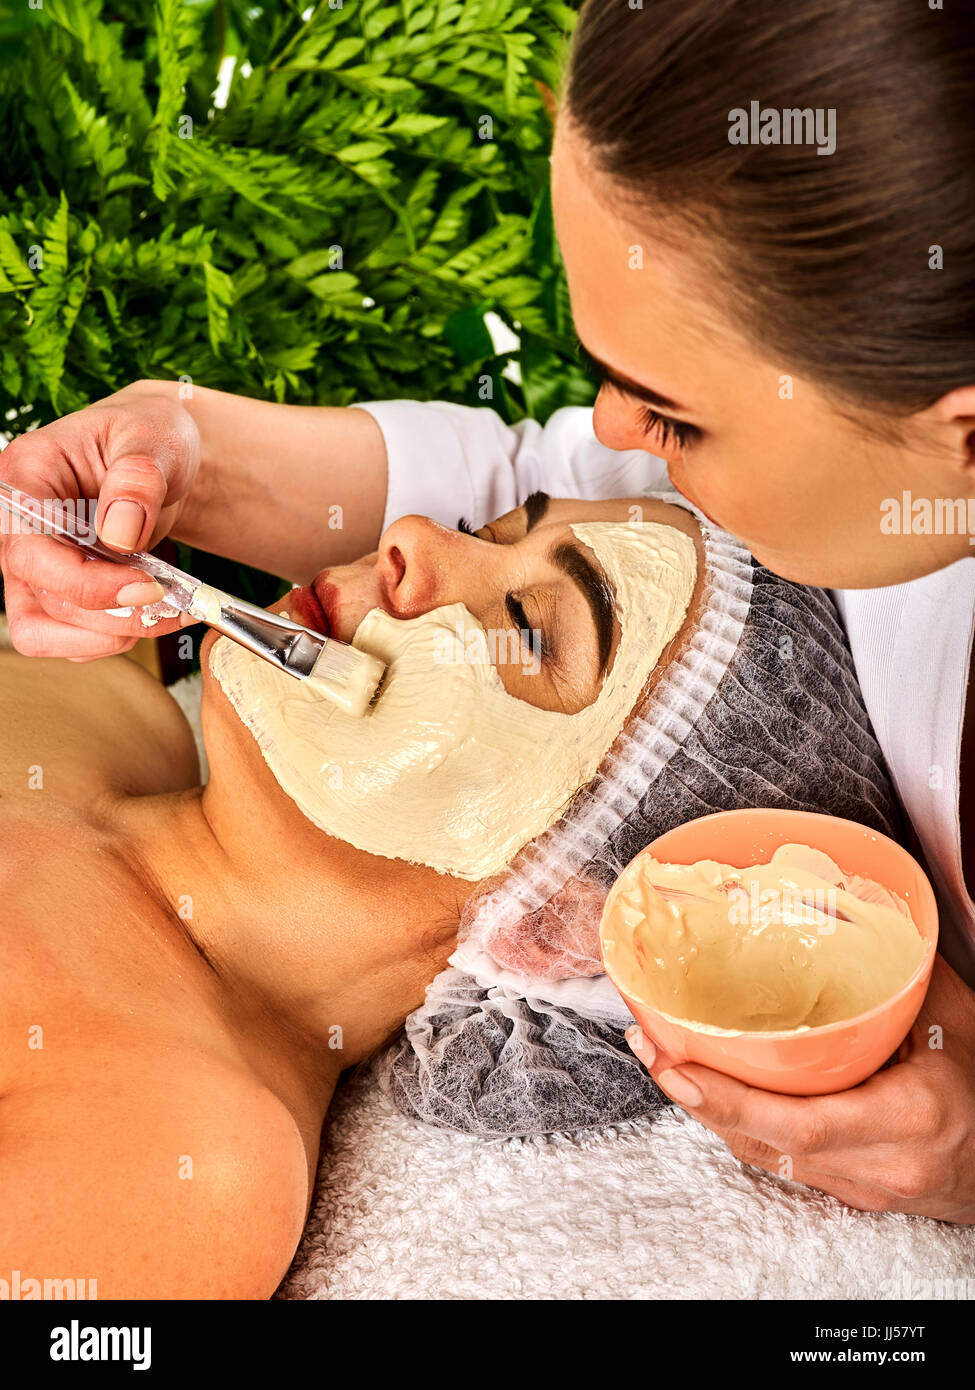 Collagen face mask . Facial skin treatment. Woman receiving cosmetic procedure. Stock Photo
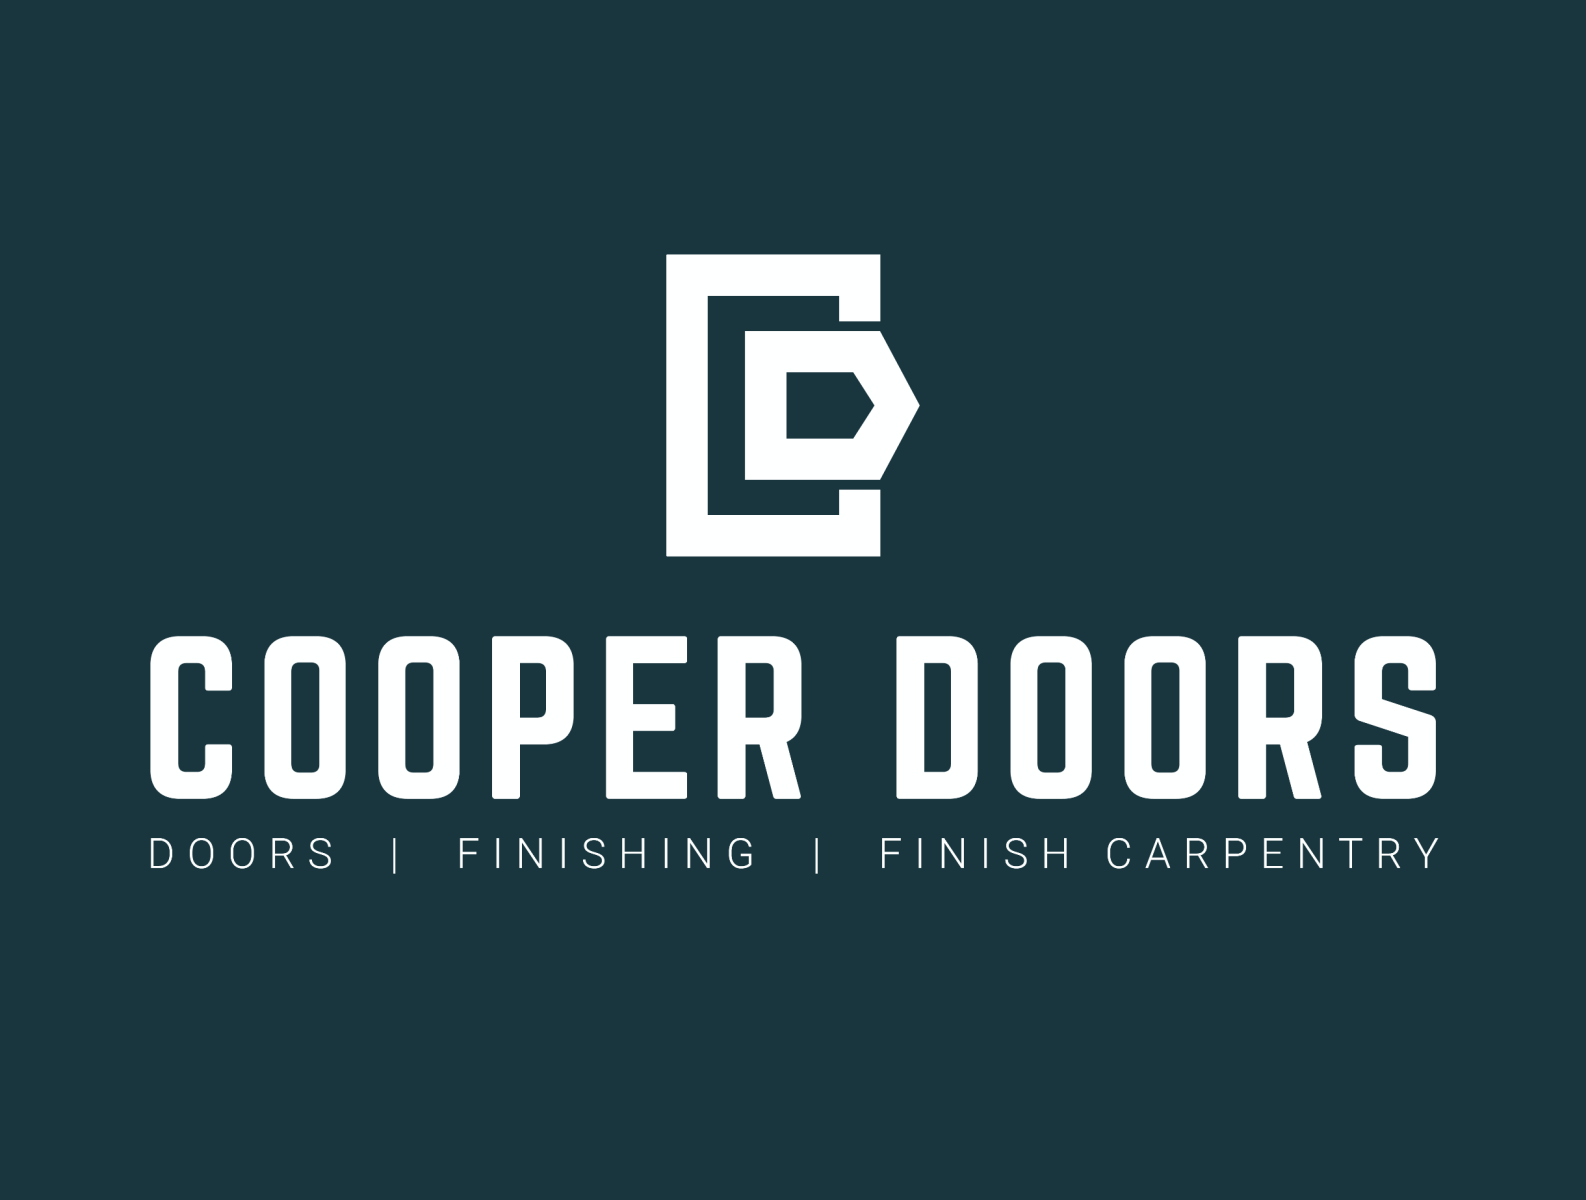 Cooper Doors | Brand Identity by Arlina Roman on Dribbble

--

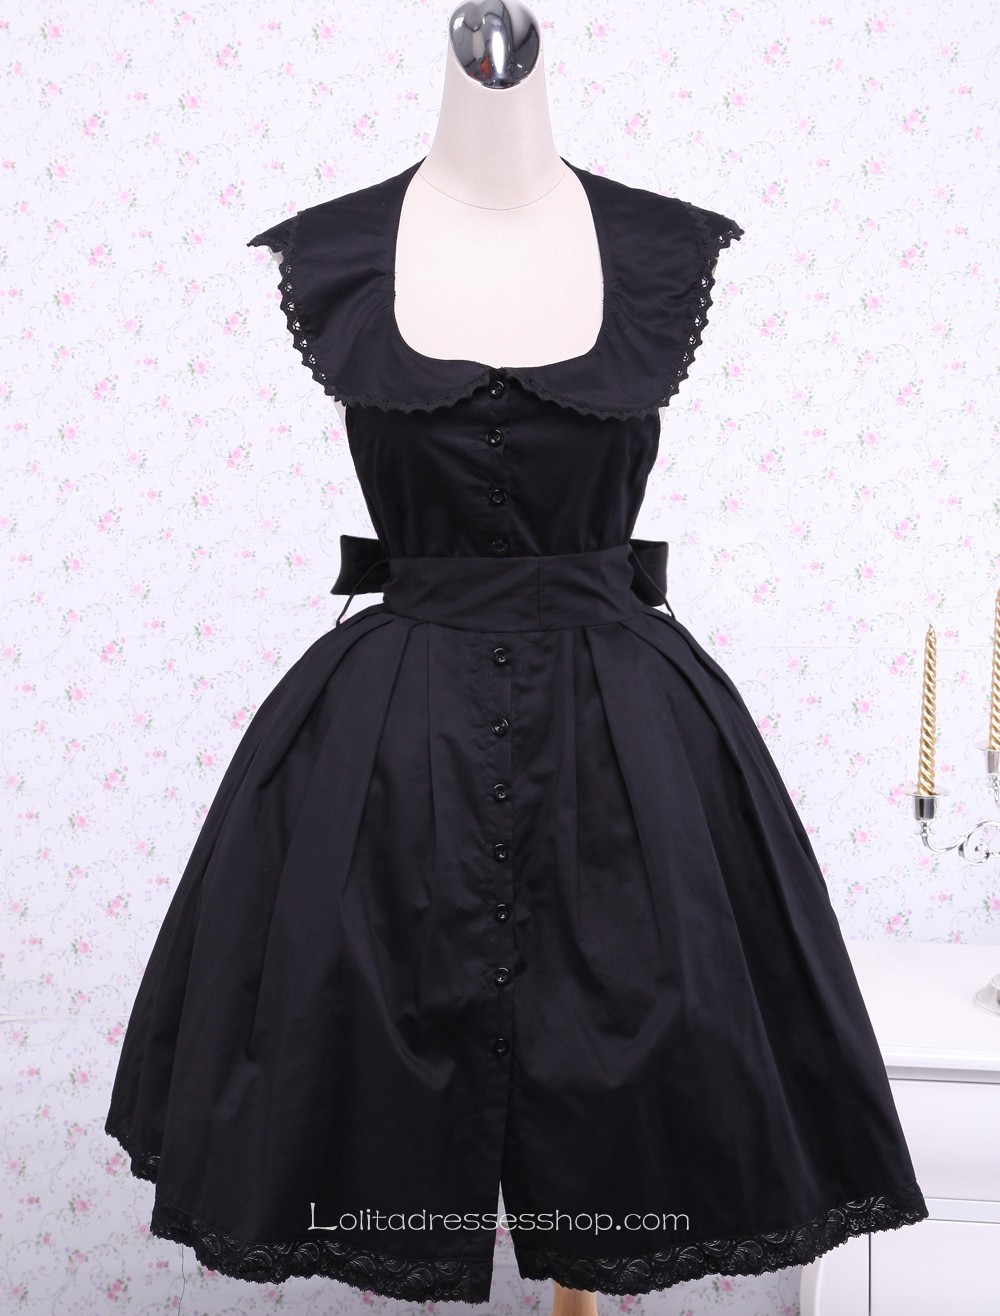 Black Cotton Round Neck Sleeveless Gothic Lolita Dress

EXERCISE AIM. Looking at the listing above, which lines run from the one containing "Collagen face mask" through the one containing "Cooper Doors |"? Print exactly those, ends included, pictures excluded.

FINAL ANSWER.
 Collagen face mask . Facial skin treatment. Woman receiving cosmetic procedure. Stock Photo
 Cooper Doors | Brand Identity by Arlina Roman on Dribbble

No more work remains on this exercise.